1. indefinate integral/power series

integral (x - arctan^x)/(x^3) dx

need to evaluate the integral and what is the radius of convergence?

thanks if you can show this one.

2. Originally Posted by rcmango
integral (x - arctan^x)/(x^3) dx

need to evaluate the integral and what is the radius of convergence?

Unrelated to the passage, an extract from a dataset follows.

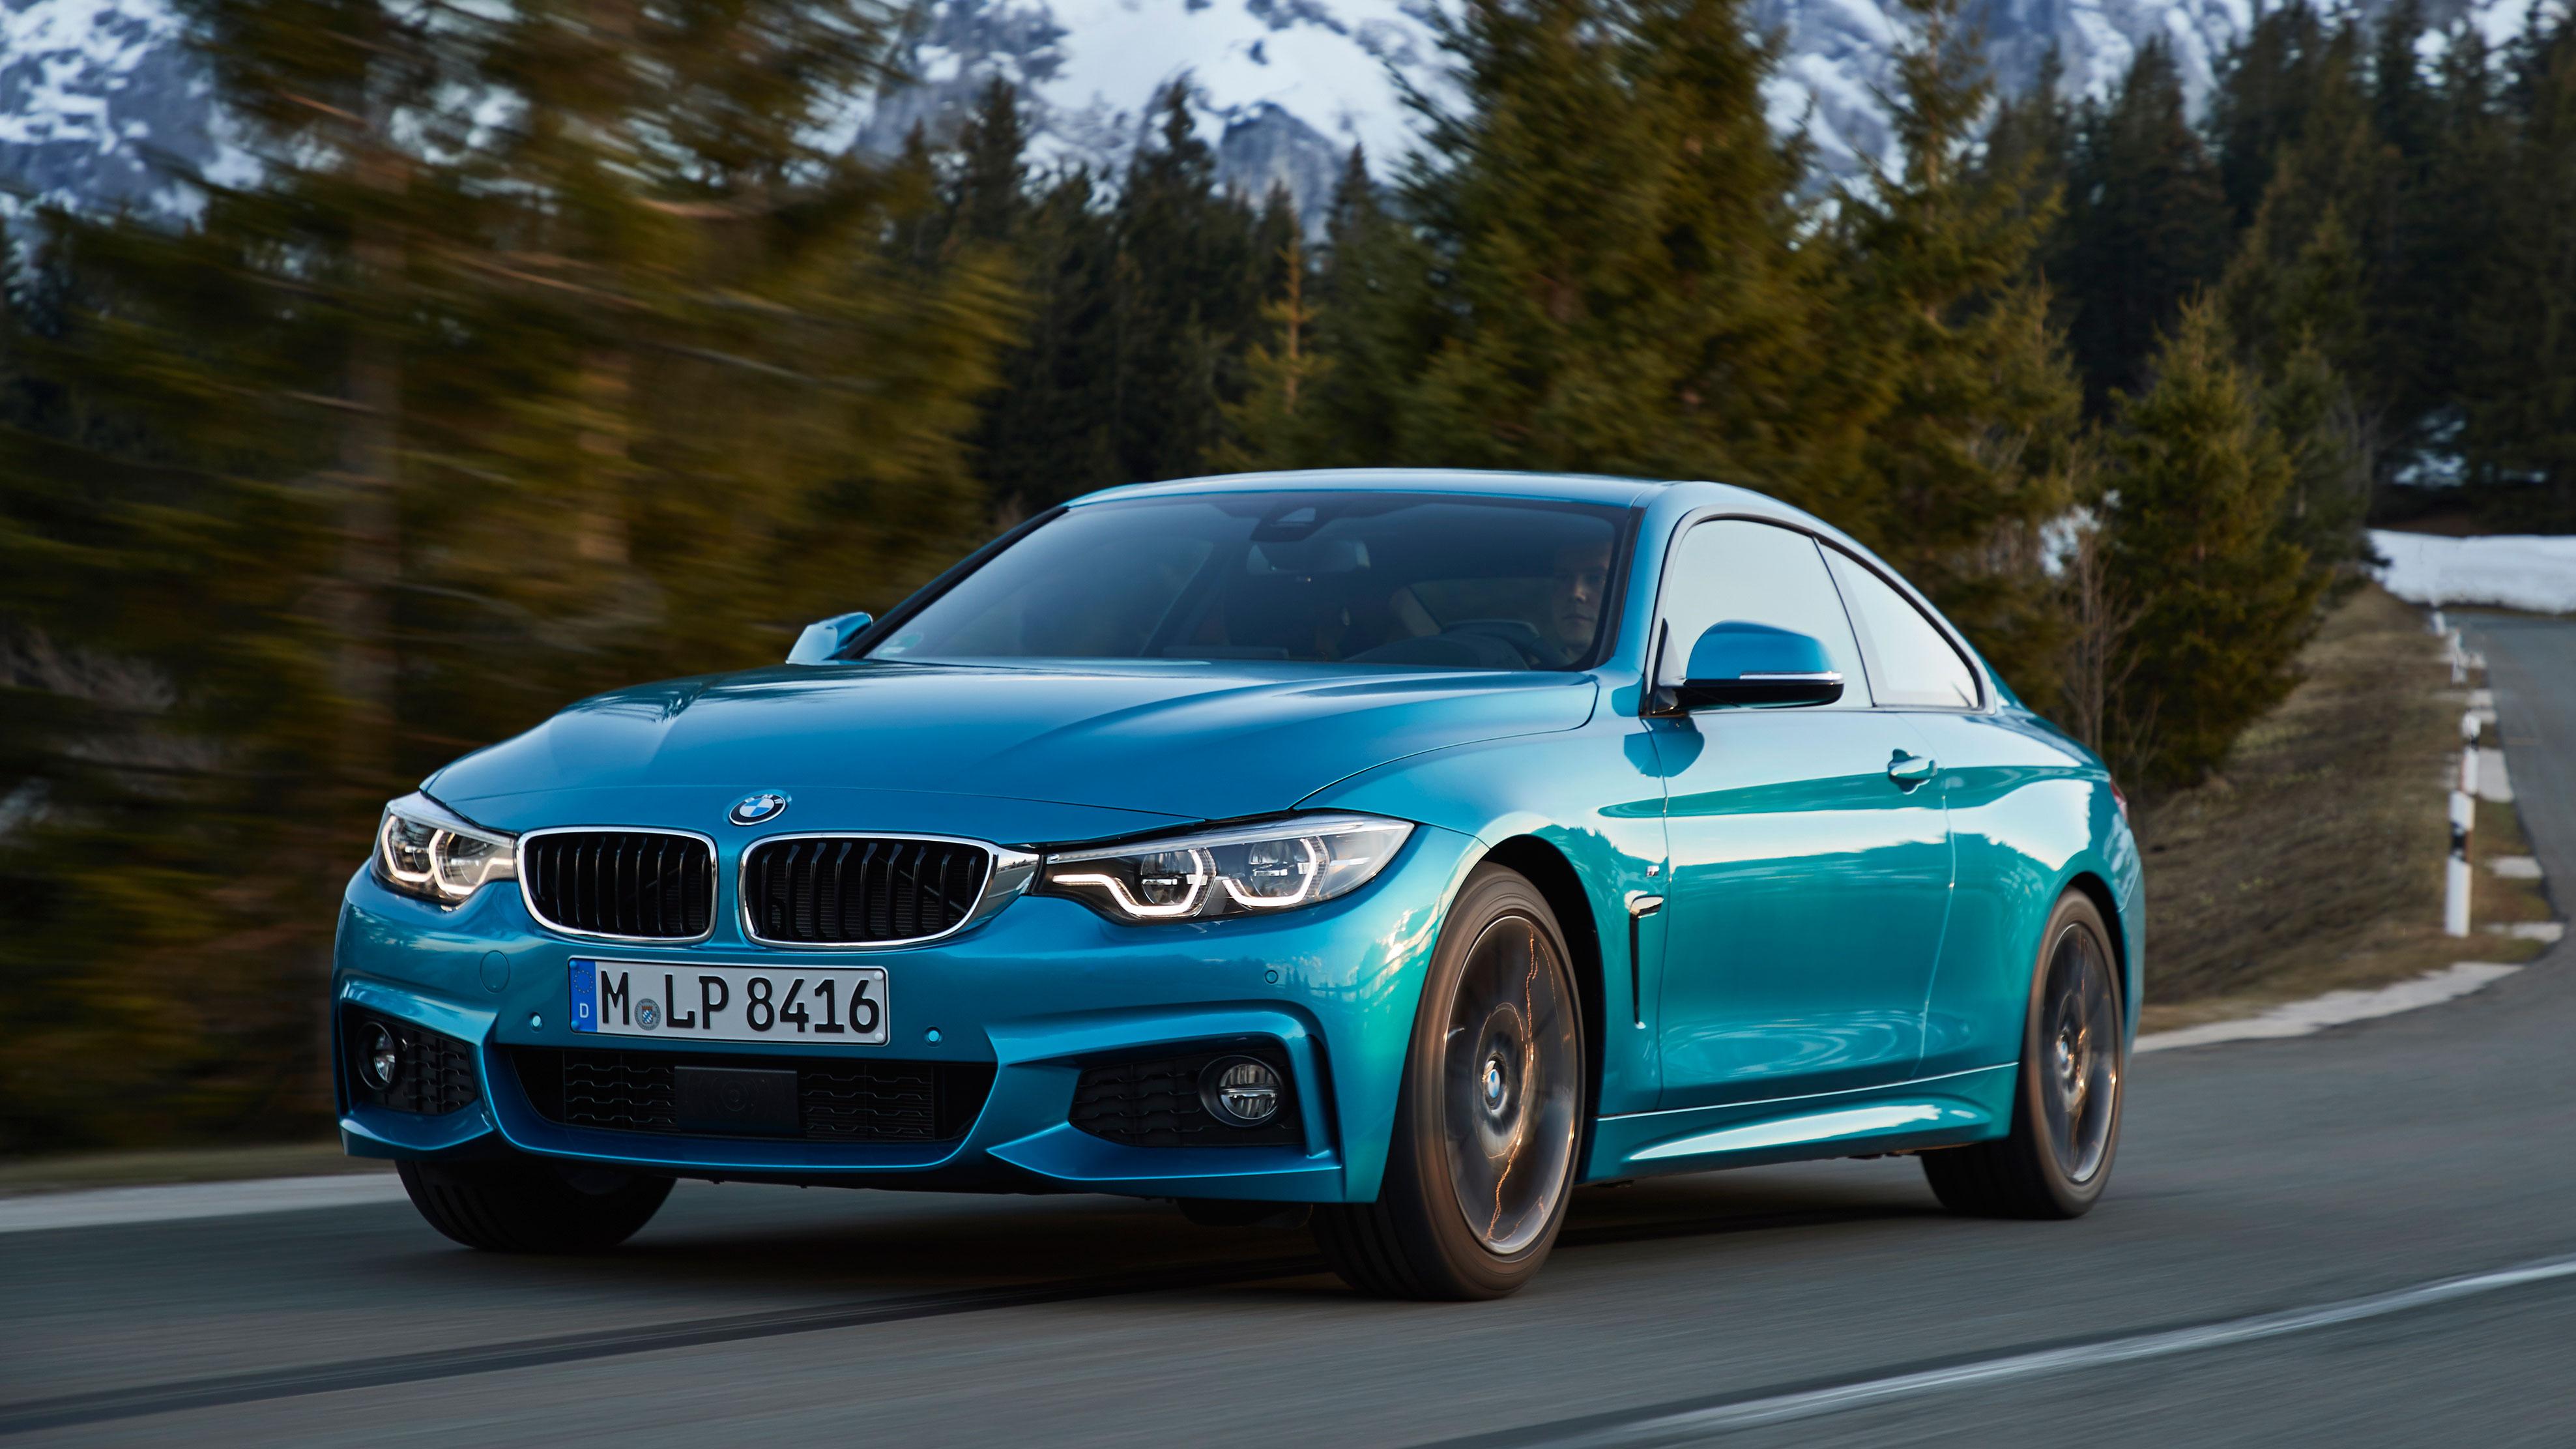 BMW 4 Series M Sport Coupe front quarter

thanks if you can show this one.
Power series for arctan

$\displaystyle \tan^{-1} x = x - \frac{x^3}{3} + \frac{x^5}{5} - \frac{x^7}{7} + -\cdots$

so

$\displaystyle \frac{x -\tan^{-1} x}{x^3} = \frac{ \frac{x^3}{3} - \frac{x^5}{5} + \frac{x^7}{7} - + \cdots}{x^3}$

$\displaystyle = \frac{1}{3} - \frac{x^2}{5} + \frac{x^4}{7} - \frac{x^6}{9} \cdots$

so

$\displaystyle \int \frac{x -\tan^{-1} x}{x^3}\,dx = \int \frac{1}{3} - \frac{x^2}{5} + \frac{x^4}{7} - \frac{x^6}{9} \cdots \,dx= \frac{x}{3} - \frac{x^3}{3 \cdot 5} + \frac{x^5}{5 \cdot 7} - \frac{x^7}{7 \cdot 9} \cdots$

or

$\displaystyle \sum_{n=1}^{\infty} \frac{(-1)^{n+1} x^{2n-1}}{(2n-1)(2n+1)}$

Then use the ratio test on this series to find the radius of converge. For the interval, check the endpoints.

3. Hey thanks, your explanation was very nice, and it helped me understand what was really going on.